The sirtuin (SIRTs) constitute a class of proteins with NAD+-dependent deacetylase or ADP-ribosyltransferase activity. Seven SIRT family members have been identified in mammals, from SIRT1, the best studied for its role in vascular aging, to SIRT7. SIRT1 and SIRT2 are localized both in the nucleus and cytoplasm. SIRT3, SIRT4, and SIRT5 are mitochondrial, while SIRT6 and SIRT7 are nuclear. Extensive studies have clearly revealed that SIRT proteins regulate diverse cell functions and responses to stressors. Vascular aging involves the aging process (senescence) of endothelial and vascular smooth muscle cells.

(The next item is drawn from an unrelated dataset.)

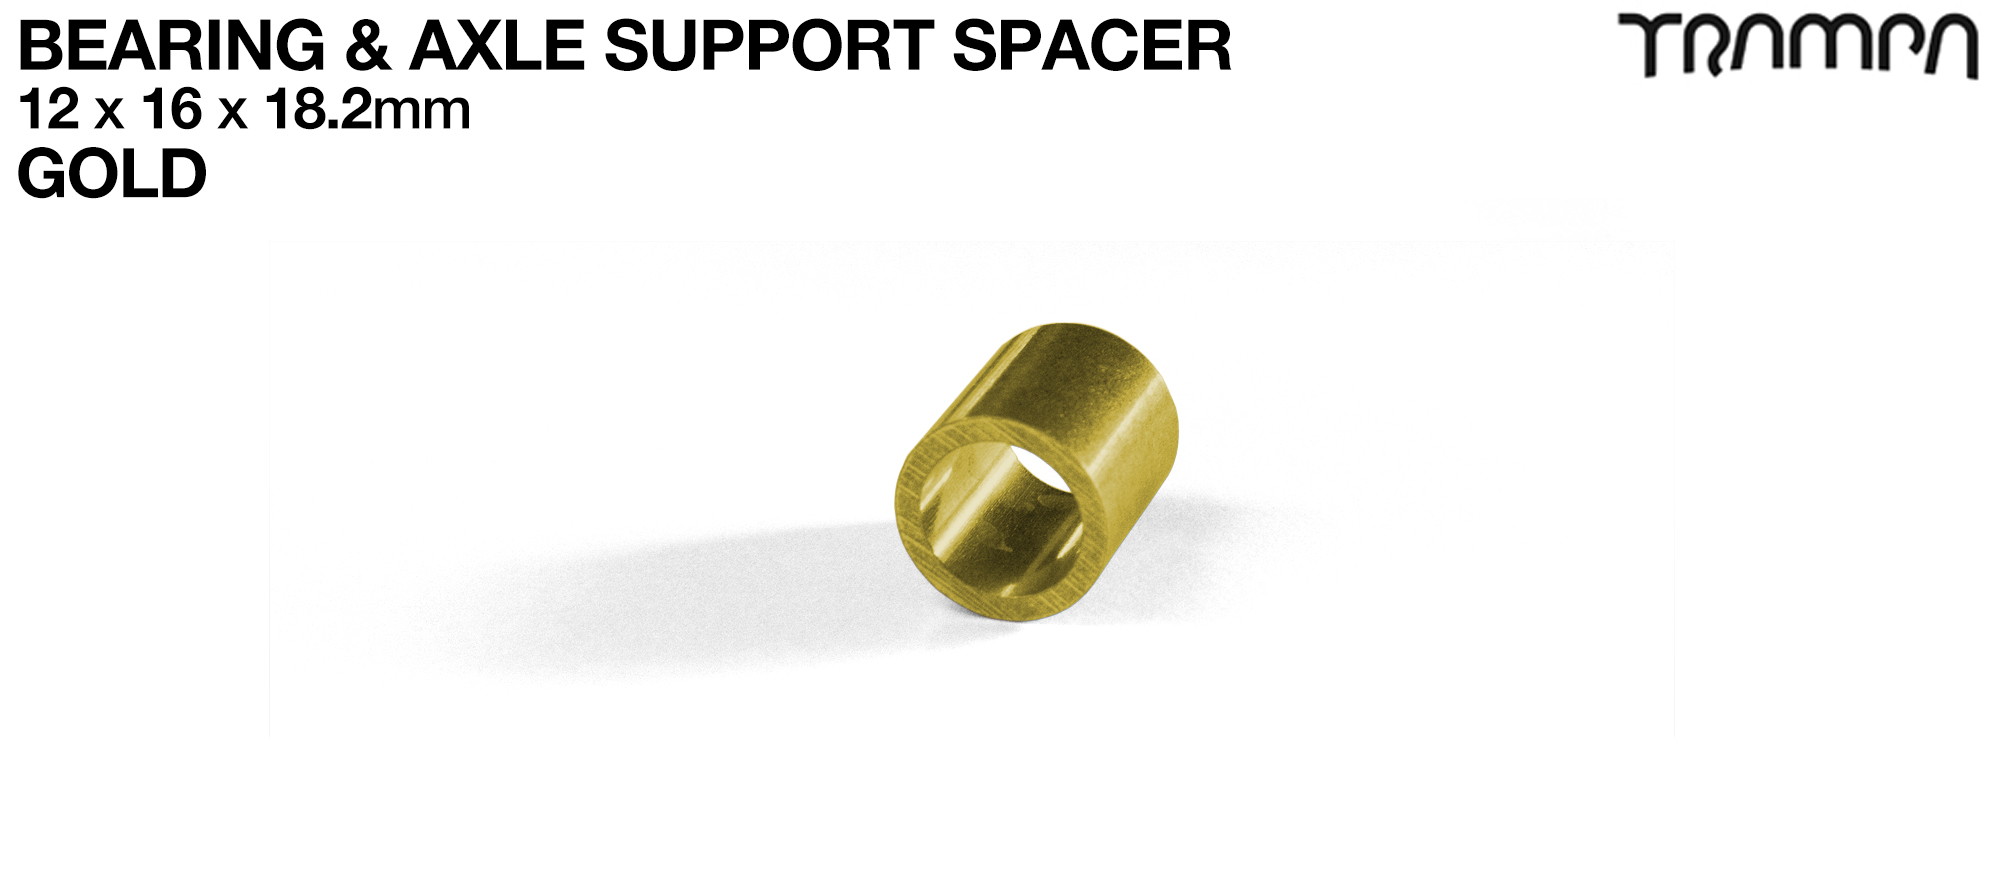 18.2mm Wheel Support Axle Spacers - GOLD 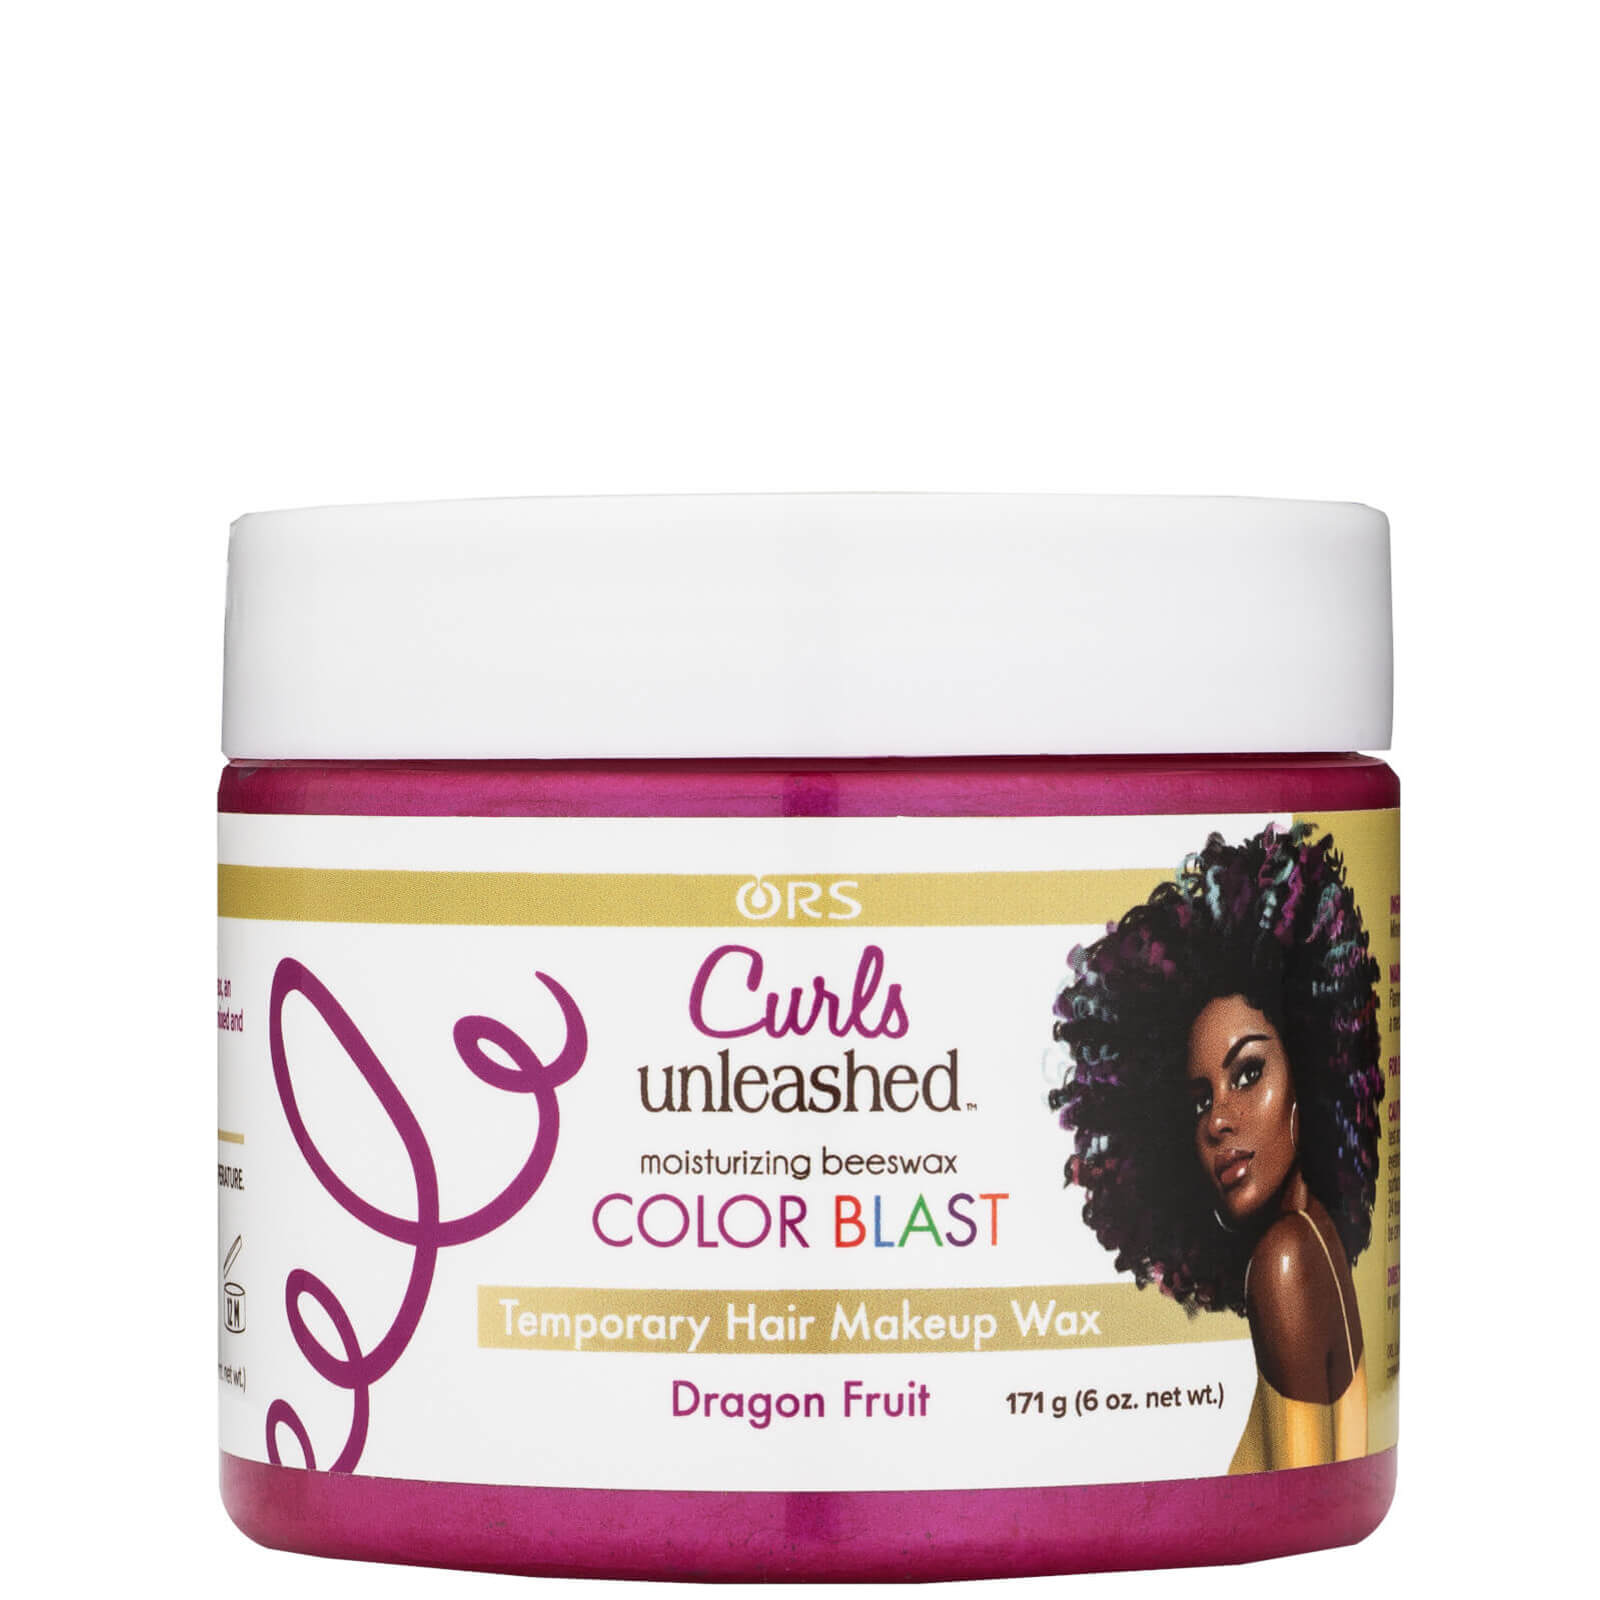 Image of Hair Makeup Wax Curls Unleashed Colour Blast Temporary - Dragon Fruit ORS

Two types of cell senescence have been identified: (1) replicative senescence with telomere attrition and (2) stress-induced premature senescence without telomere involvement. Both types of senescence induce vascular cell growth arrest and loss of vascular homeostasis, contributing to the initiation and progression of cardiovascular diseases. Previous mechanistic studies have revealed in detail that SIRT1, SIRT3, and SIRT6 demonstrate protective functions against vascular aging, while definite vascular function of other SIRTs is under investigation. Thus, direct SIRT modulation and NAD+ stimulation of SIRT are promising candidates for cardiovascular disease therapy. A small number of pilot studies have been conducted to assess SIRT modulation in humans. These clinical studies have not yet provided convincing evidence that SIRT proteins alleviate morbidity and mortality in patients with cardiovascular diseases. The outcomes of multiple ongoing clinical trials are awaited to define the efficacy of SIRT modulators and SIRT activators in cardiovascular diseases, along with the potential adverse effects of chronic SIRT modulation.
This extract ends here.